They kept lots of rules, out of exuberance and a sense of competition. One was that none of them should have a sword any longer than eighteen inches, so they would be forced to get in close. They had saxes7 made specially for them so that the blows would be heavier. Not one of them had less then twelve times the strength of an average man. They never stole women or children on raids. They never bound a wound till a whole day had passed. No one was accepted who failed to meet these standards of strength and courage. King Half was raiding for eighteen summers. It was their custom to always lie in wait round a headland. It was another of their customs to never pitch tents or awnings on deck and never to reef a sail in a storm. They were called Half's Heroes, and he never had more than sixty on his ship.

Notes

4. hólmstefna ‘duel’, literally ‘meeting on an island’, since duels were traditionally fought on islands. But the term seems to be used more loosely here for ‘battle’ in general.
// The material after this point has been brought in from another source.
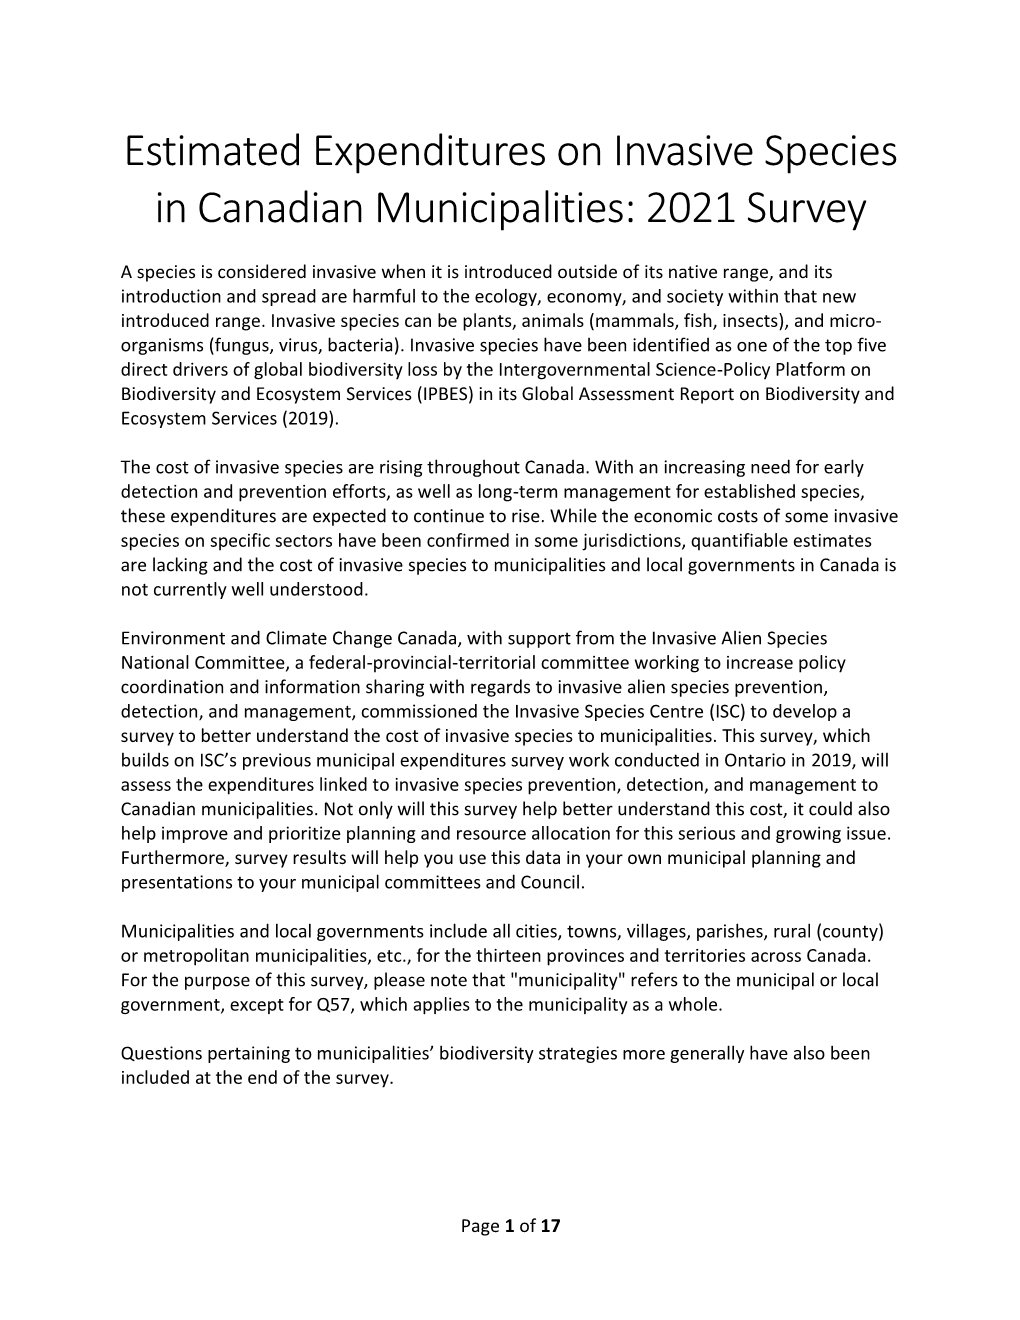 Estimated Expenditures on Invasive Species in Canadian Municipalities: 2021 Survey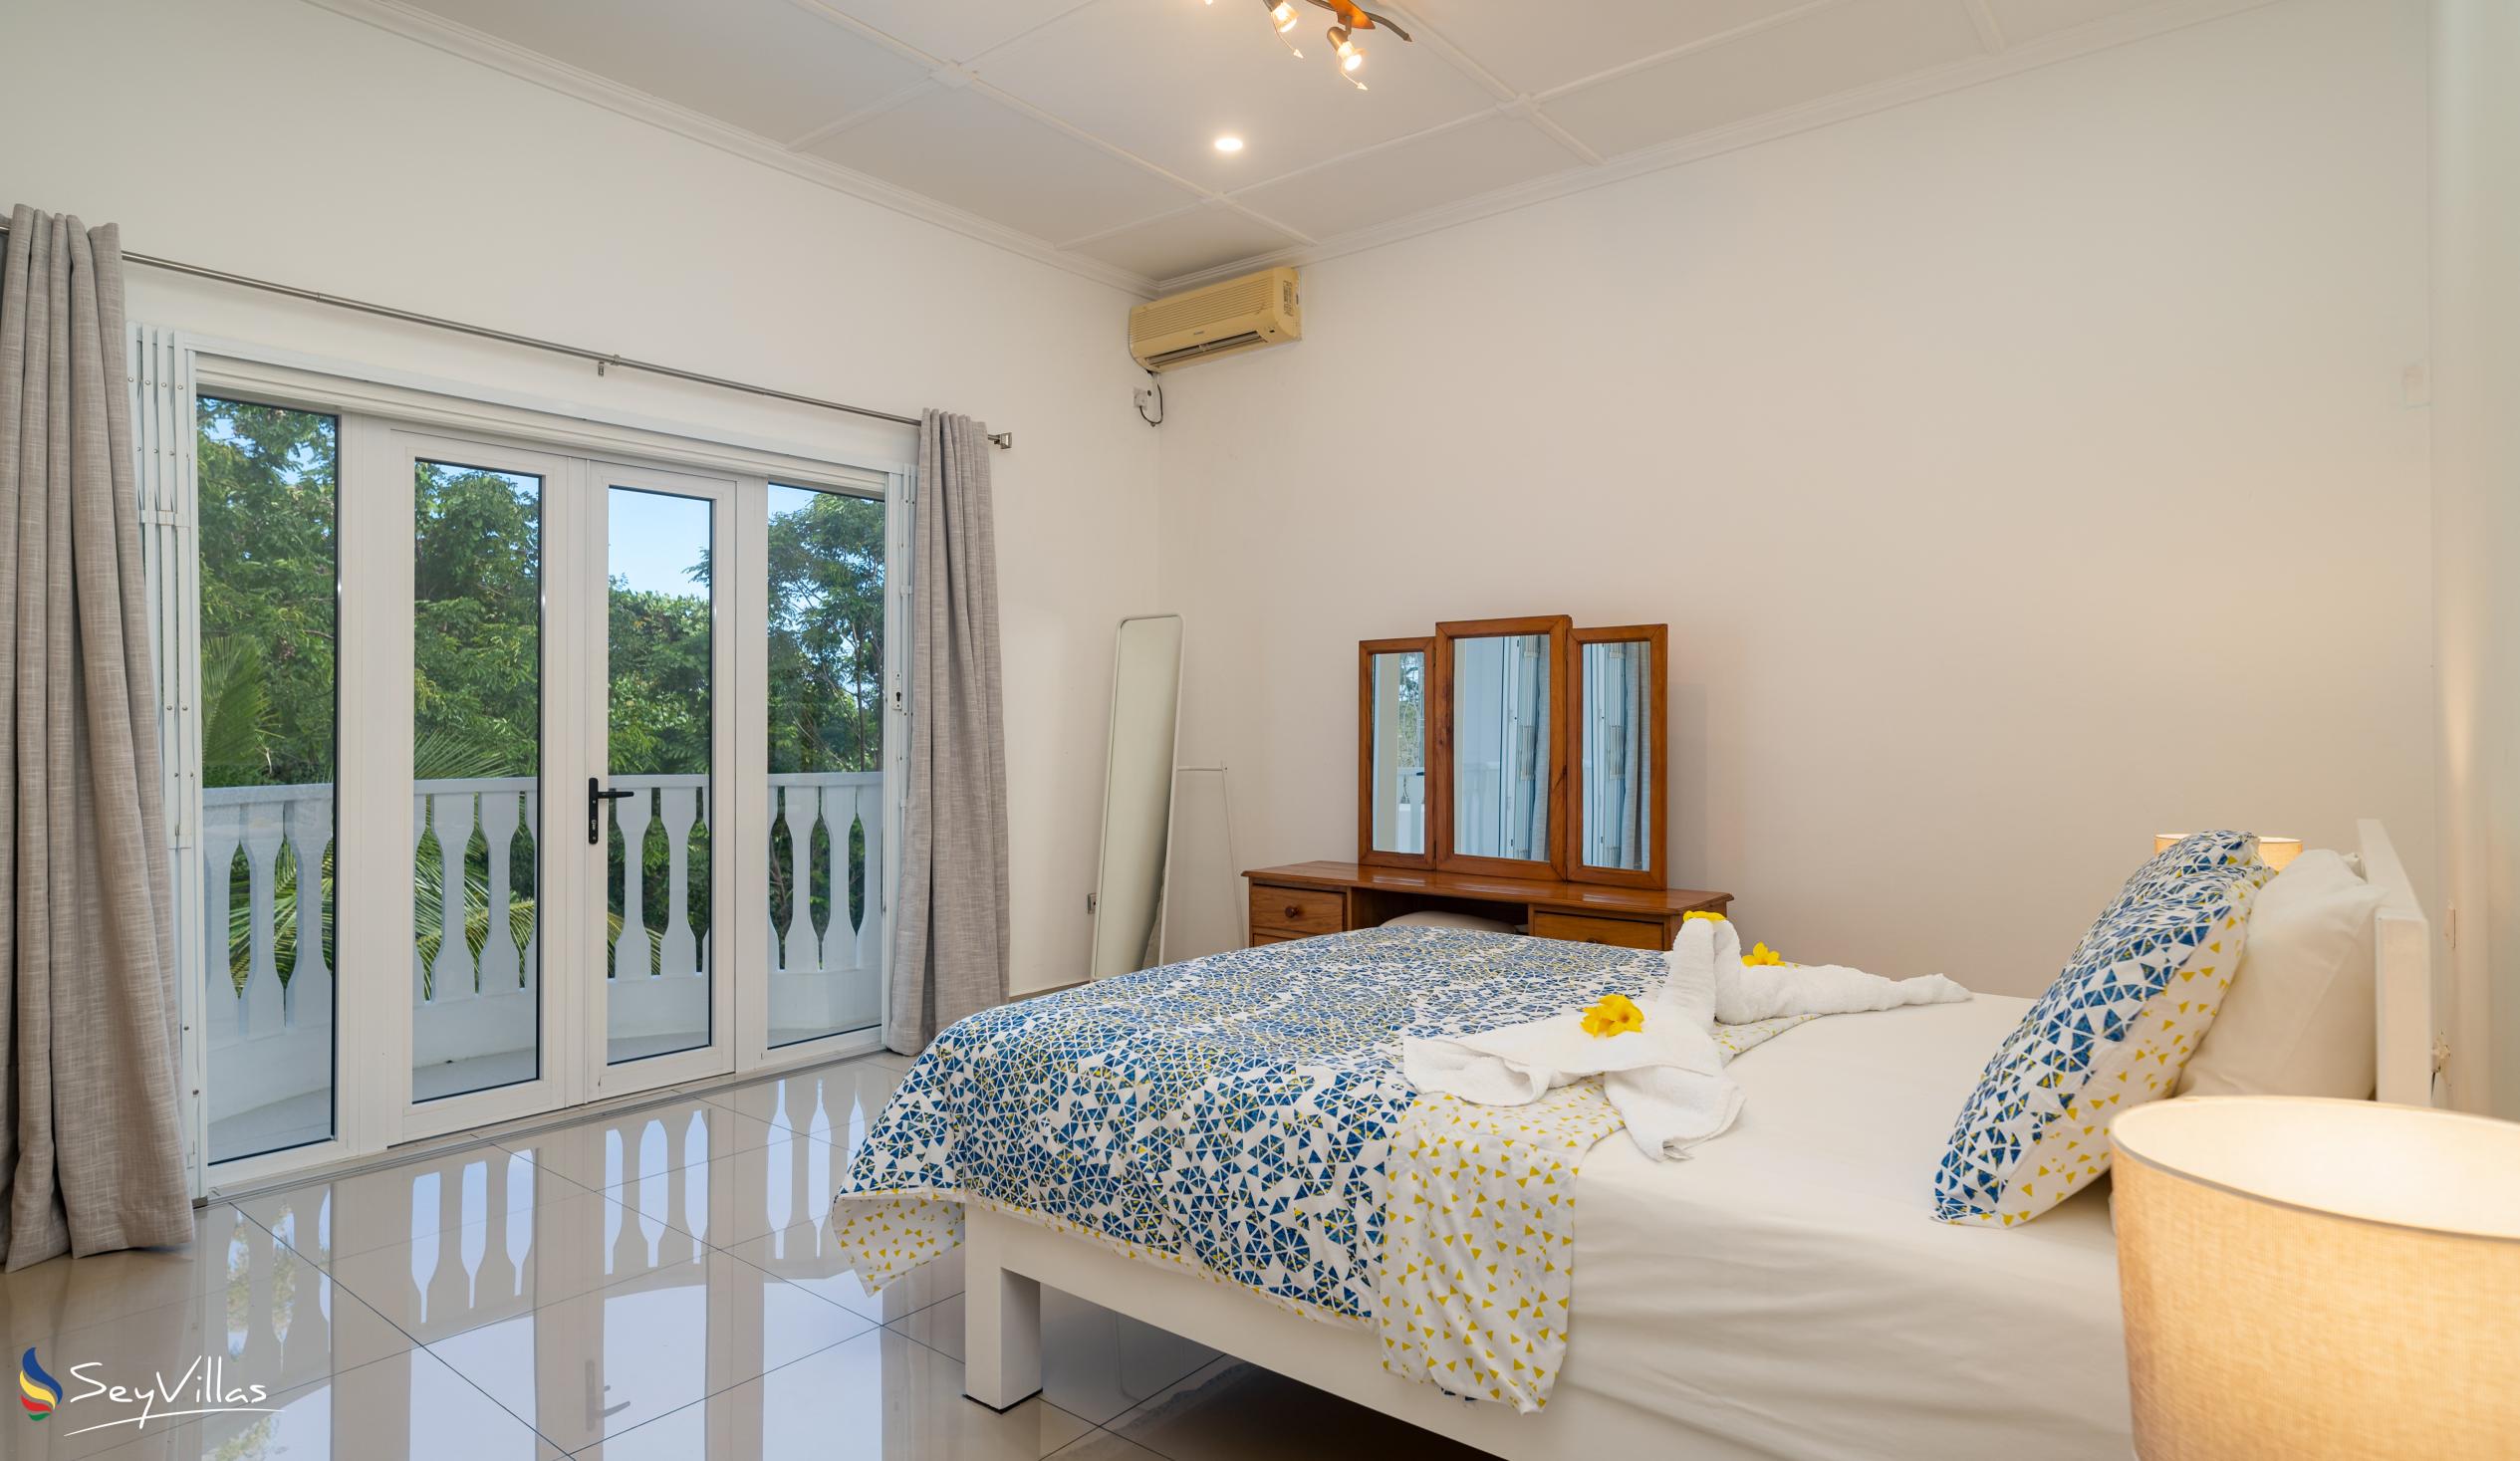 Foto 71: Villa Jasmin - Villa mit 2 Schlafzimmern - Mahé (Seychellen)

5. A puzzling prophecy, if such it be, delivered after the events have already taken place, and apparently to the wrong king. Variously interpreted as misplaced, or corrupt, or both. Perhaps an accidental amalgam of two originally separate verses, as the first half seems addressed to Hjorleif, while the second might apply to Hreidar before finding his daughter.
6. The expression is not otherwise recorded.
7. A type of short-sword.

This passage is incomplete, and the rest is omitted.